**Data excerpt:**
-----

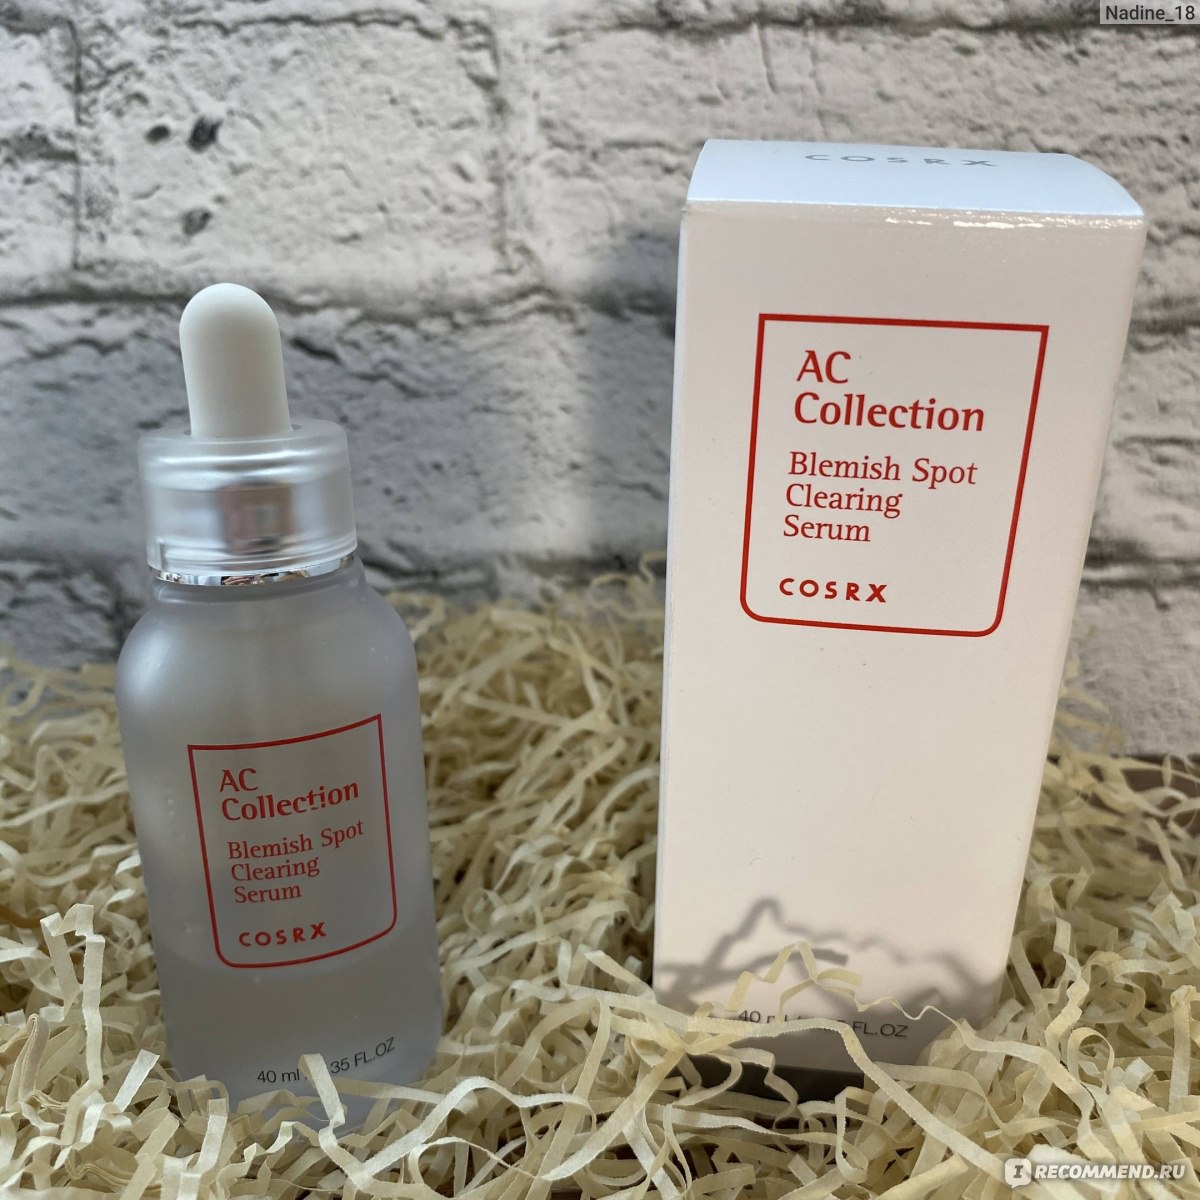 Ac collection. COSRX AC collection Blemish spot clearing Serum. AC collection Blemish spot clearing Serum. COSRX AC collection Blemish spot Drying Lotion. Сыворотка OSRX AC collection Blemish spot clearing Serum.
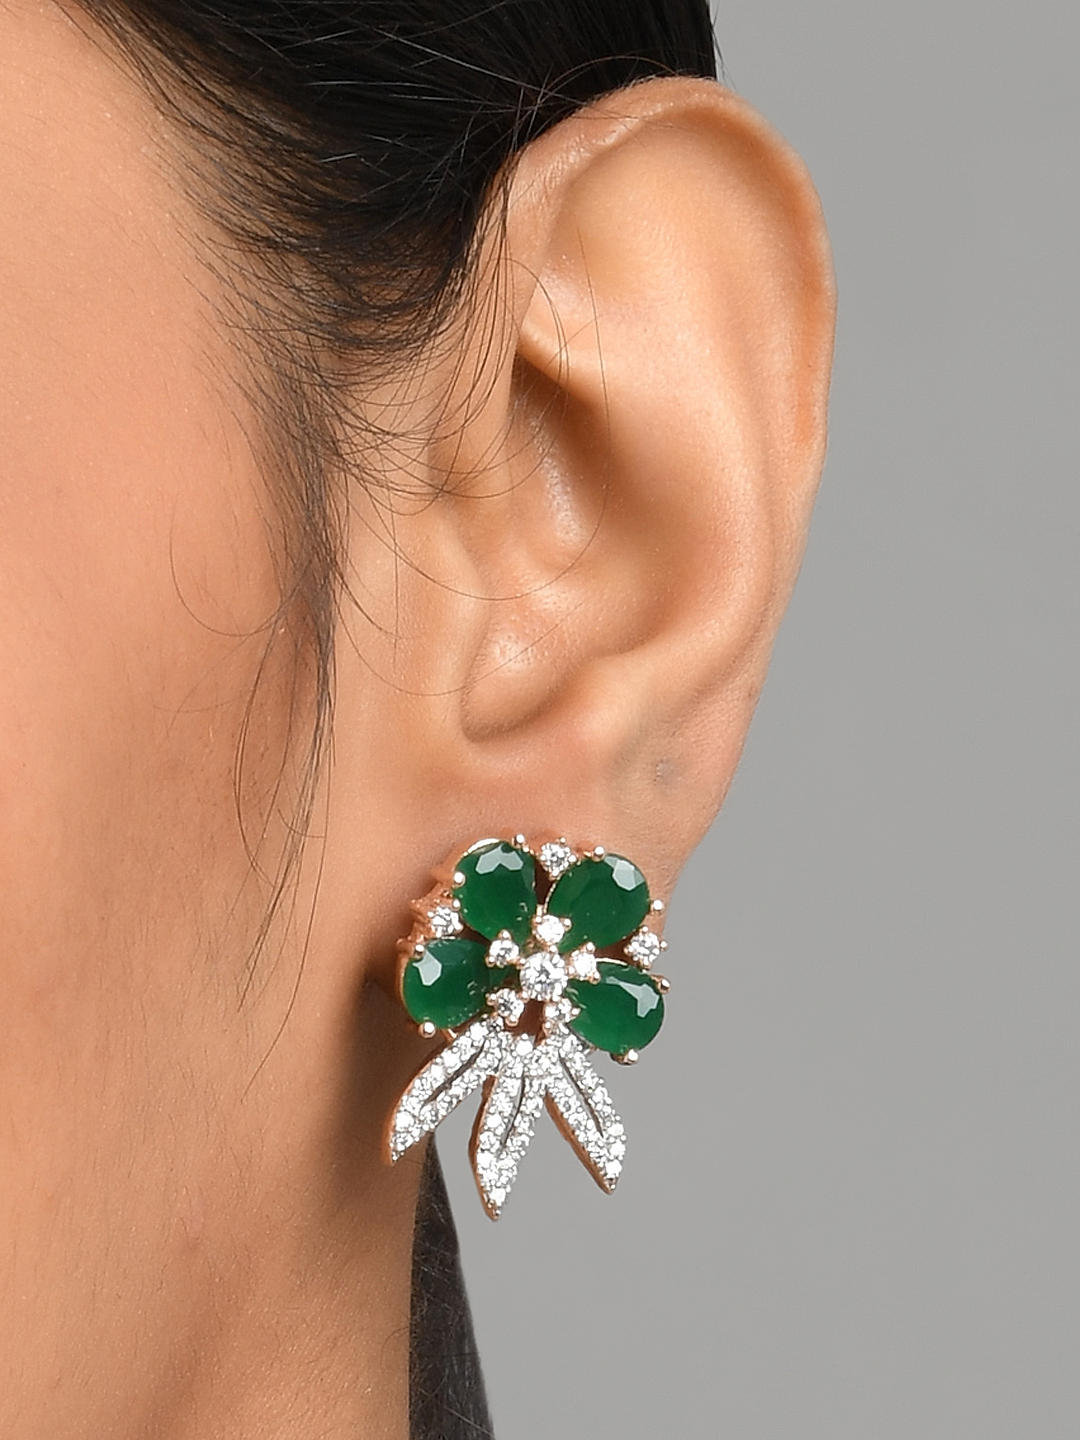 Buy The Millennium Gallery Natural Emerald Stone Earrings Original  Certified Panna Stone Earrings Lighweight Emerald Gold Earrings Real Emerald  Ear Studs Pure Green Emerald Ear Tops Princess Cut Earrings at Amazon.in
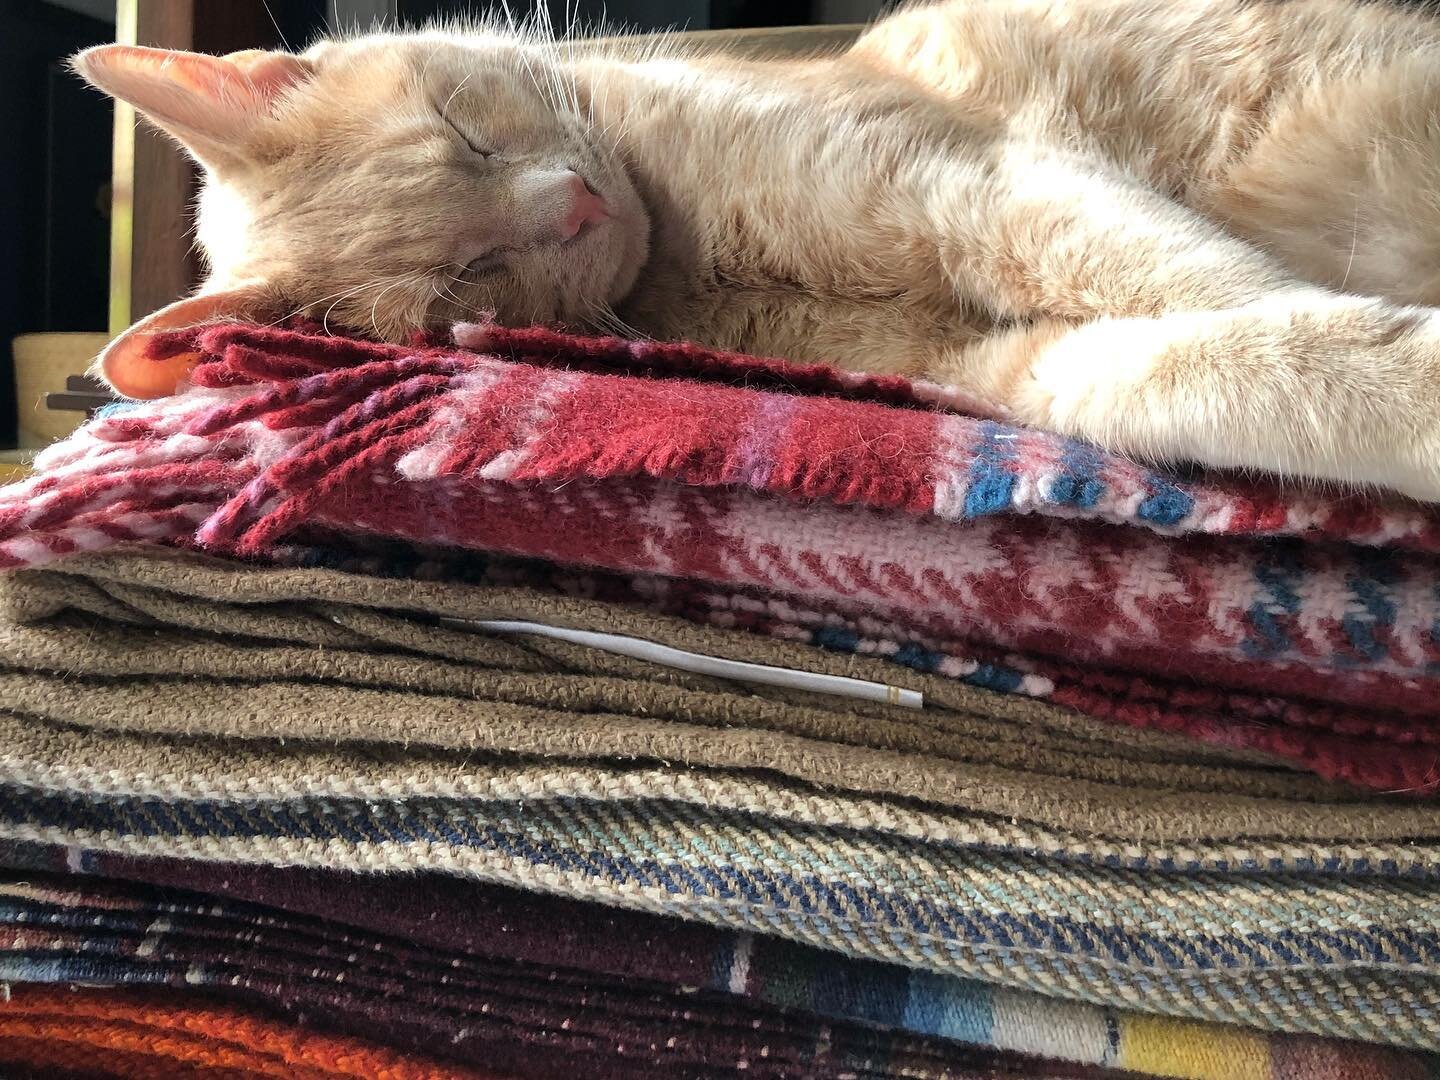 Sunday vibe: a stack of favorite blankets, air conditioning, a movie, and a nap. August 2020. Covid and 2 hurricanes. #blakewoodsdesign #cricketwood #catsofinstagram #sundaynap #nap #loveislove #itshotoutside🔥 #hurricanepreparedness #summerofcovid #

-----

**What is required:** Keep pictures out and return the lines from the one containing "Buy The Millennium" through the end of the listing, both included, character for character.

**The completed task:**
 Buy The Millennium Gallery Natural Emerald Stone Earrings Original  Certified Panna Stone Earrings Lighweight Emerald Gold Earrings Real Emerald  Ear Studs Pure Green Emerald Ear Tops Princess Cut Earrings at Amazon.in
 Sunday vibe: a stack of favorite blankets, air conditioning, a movie, and a nap. August 2020. Covid and 2 hurricanes. #blakewoodsdesign #cricketwood #catsofinstagram #sundaynap #nap #loveislove #itshotoutside🔥 #hurricanepreparedness #summerofcovid #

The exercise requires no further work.